A défaut de règlement amiable après dépôt du rapport, M.et Mme [B] ont, par exploit du 17 juillet 2023, fait assigner les sociétés [X] et AXA ASSURANCES IARD MUTUELLE devant le Tribunal judiciaire de Caen, sollicitant leur condamnation in solidum au paiement de la somme de 48 712,29 € au titre des travaux de reprise, de 9 000 € à titre de dommages et intérêts pour perte de jouissance, de 1 401,20 € au titre des frais exposés avant l’expertise judiciaire, de 7 000 € sur le fondement de l’article 700 du code de procédure civile, outre les dépens comprenant les frais d’expertise.
Par conclusions récapitulatives notifiées par voie électronique le 04 novembre 2024 M.et Mme [B] ont précisé leurs demandes, sollicitant la condamnation in solidum de la société [X] et de l’assureur garantissant effectivement celle-ci, AXA FRANCE IARD, au paiement de la somme de 49 352,29 euros TTC correspondant à la solution n° 2, de 16 000 euros à titre de dommages et intérêts pour perte de jouissance, de 1 401,20 euros au titre des frais préalables, ainsi que de la somme de 7 000 euros au titre de l’article 700 du code de procédure civile, avec intérêts et indexation.
Les sociétés [X], AXA ASSURANCES IARD MUTUELLE et AXA FRANCE IARD, par conclusions n° 3, ont sollicité que soit reçue l’intervention volontaire d’AXA FRANCE IARD, la mise hors de cause de AXA ASSURANCES IARD MUTUELLE, et les rejet de la demande relative à l’engagement de a responsabilité décennale de la société [X] faute de désordre avéré et d’impropriété à destination, et, subsidiairement, voir écarter que sa responsabilité contractuelle, aucune faite n’étant démontrée.
Elles contestent la réalité et l’intensité des nuisances, soulignant qu’elles n’ont pas été perçues lors des opérations d’expertise, et critiquent les attestations produites par 2024 M.et Mme [B] .
Elles soutiennent que seule la solution n° 1, moins onéreuse, doit être retenue, en contestant la prétendue impossibilité d’une intervention par l’extérieur.
À titre subsidiaire, elles demandent de limiter le coût des travaux à 17 294,23 euros TTC, le rejet lesdemndes relatives aux postes annexes ou leur cantonnement aux chiffrages de l’expert, de débouter les demandeurs de leur demande au titre de la perte de jouissance et de réduire le montant sollicité au titre de l’article 700 du code de procédure civile.
Elles demandent reconventionnellemnent leur condamnation à leur verser la somme de 3 000 euros sur le même fondement.

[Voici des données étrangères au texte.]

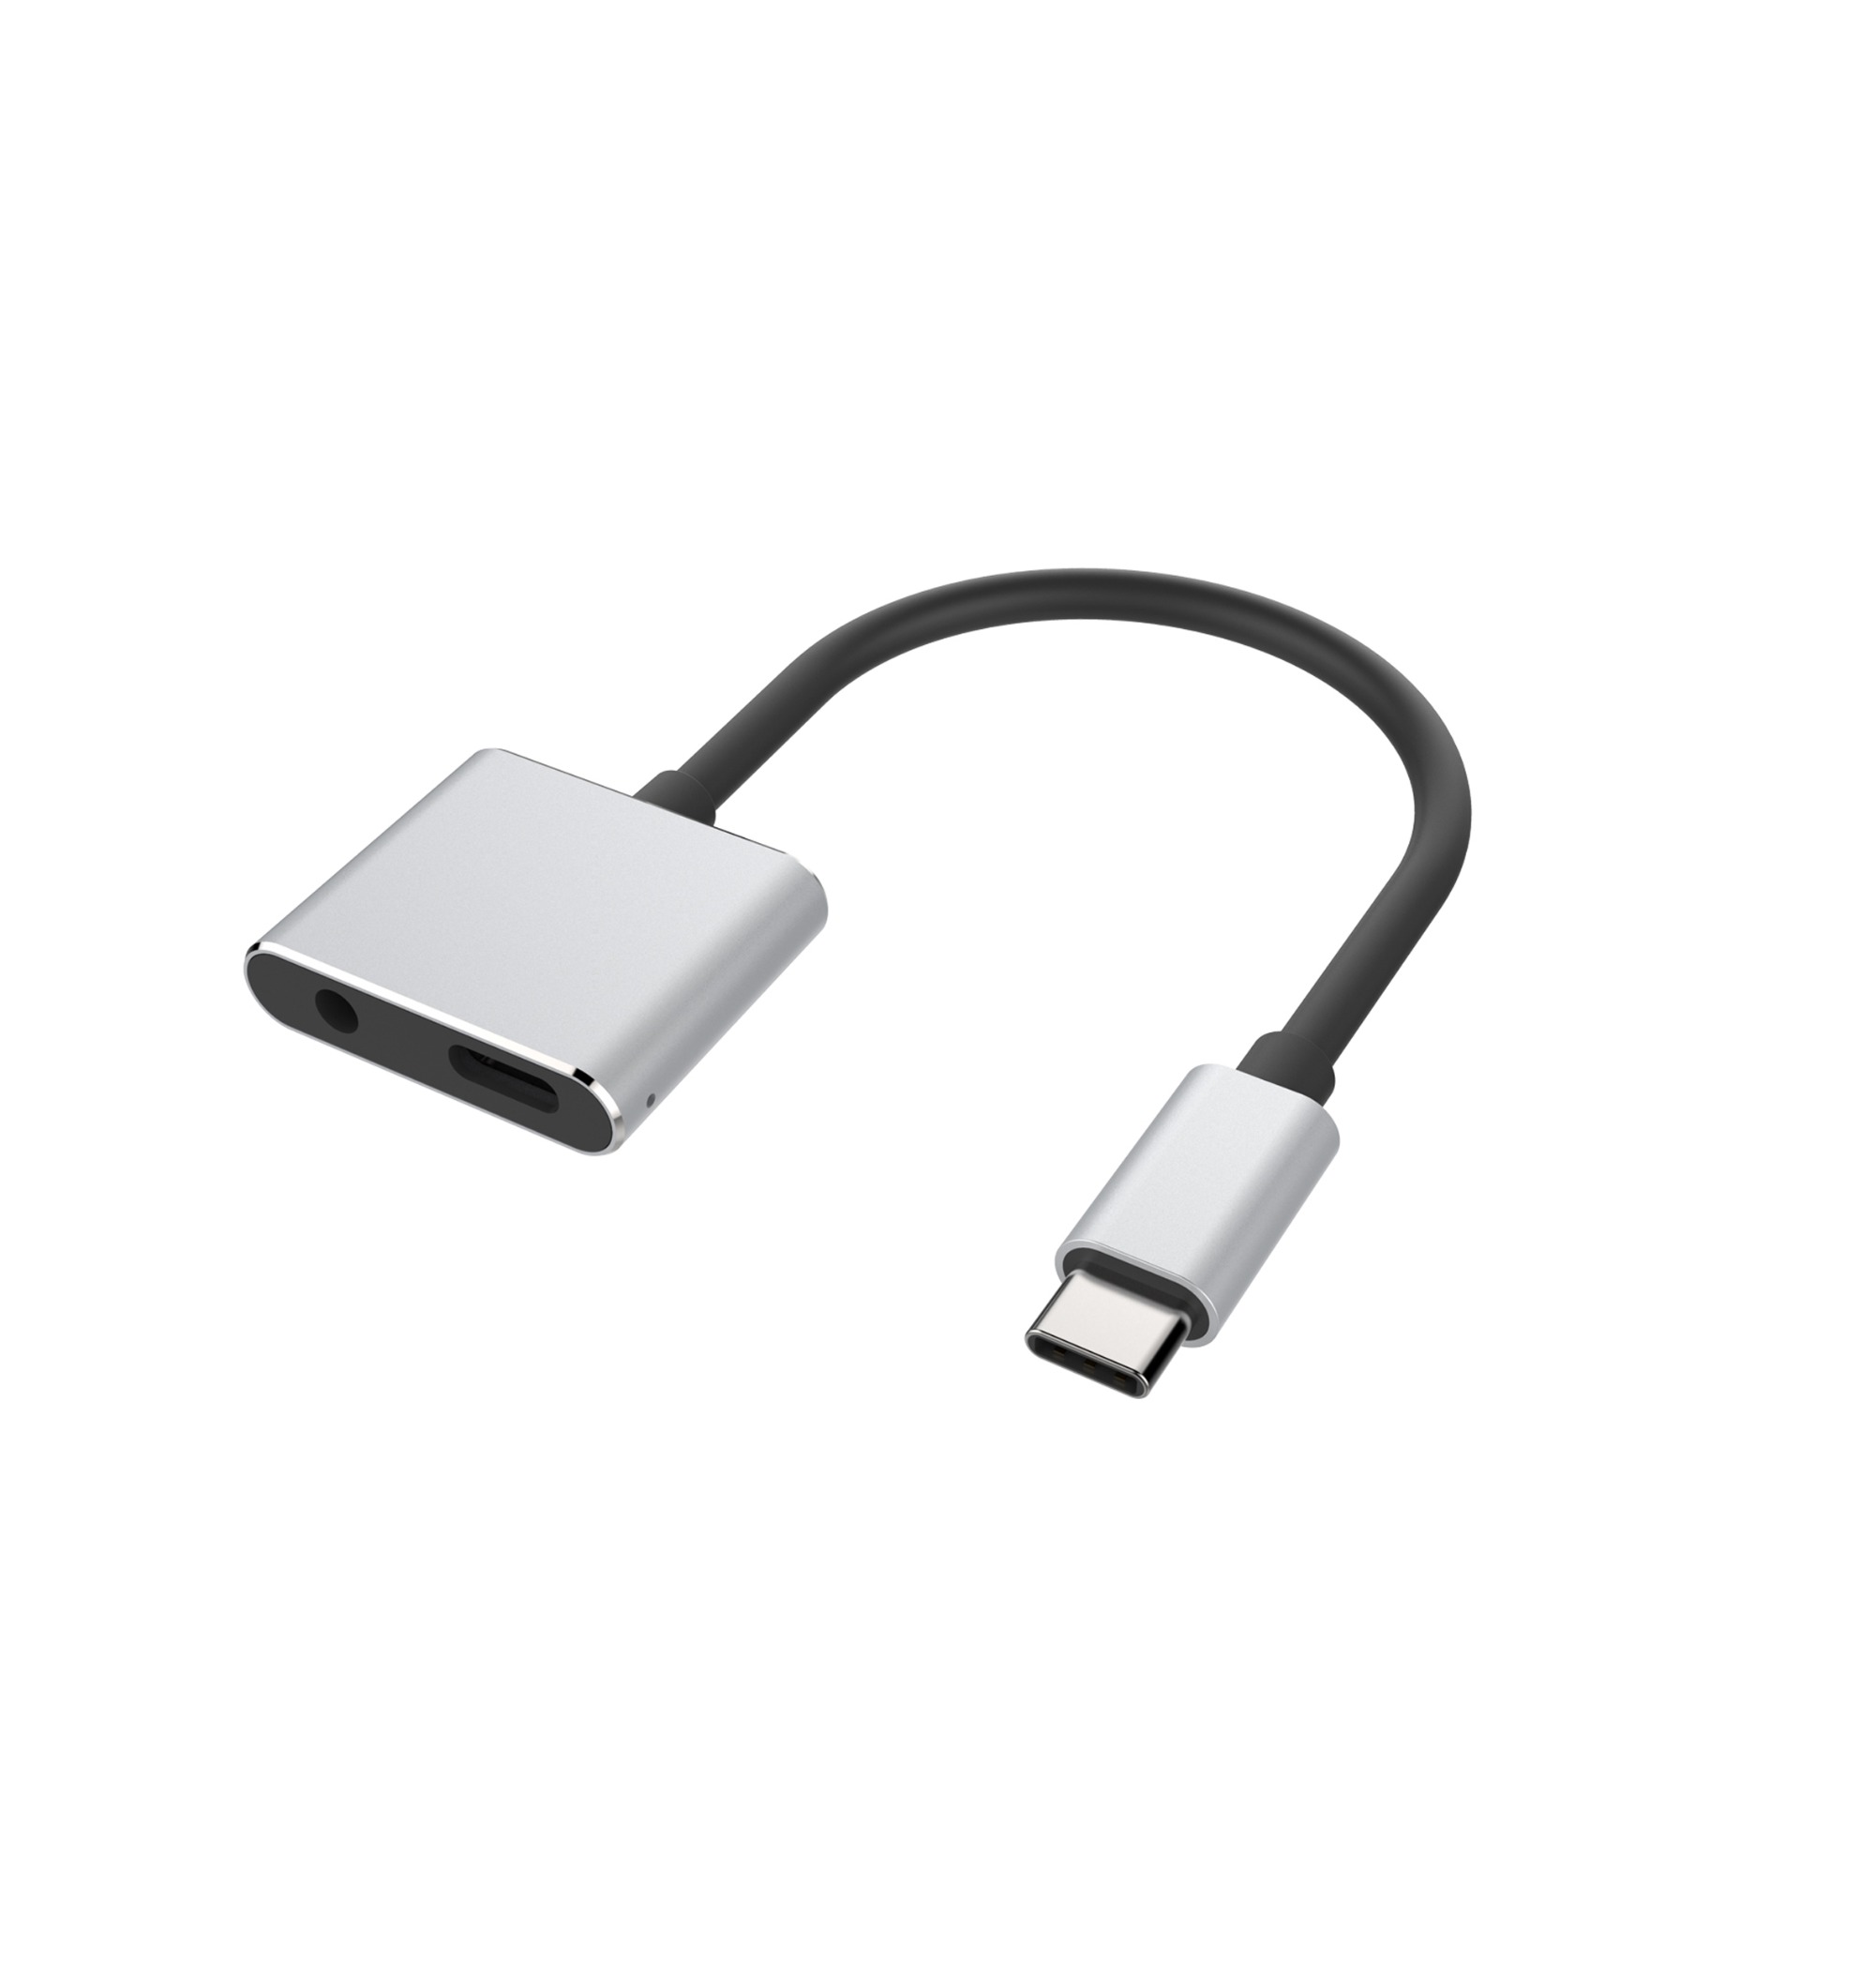 Charger and Headphone Audio Adapter for Type C device

L’affaire a été plaidée et la date de mise en disposition a été prorgée à ce jour.
Motifs
Sur l’intervention volontaire d’AXA FRANCE IARD et la mise hors de cause d’AXA ASSURANCES IARD MUTUELLE
Il résulte des conditions particulières produites que la société [X] est assurée, pour sa responsabilité décennale, auprès de la société AXA FRANCE IARD et non auprès d’AXA ASSURANCES IARD MUTUELLE.
L’intervention volontaire d’AXA FRANCE IARD, qui a intérêt à intervenir en qualité d’assureur de la société [X], est régulière et sera déclarée recevable. Corrélativement, AXA ASSURANCES IARD MUTUELLE, qui n’est pas l’assureur du risque litigieux, doit être mise hors de cause.
Sur la responsabilité de la société [X]
Aux termes de l’article 1792 du code civil, tout constructeur d’un ouvrage est responsable de plein droit envers le maître de l’ouvrage, des dommages qui en compromettent la solidité ou qui, l’affectant dans l’un de ses éléments constitutifs ou d’équipement, le rendent impropre à sa destination.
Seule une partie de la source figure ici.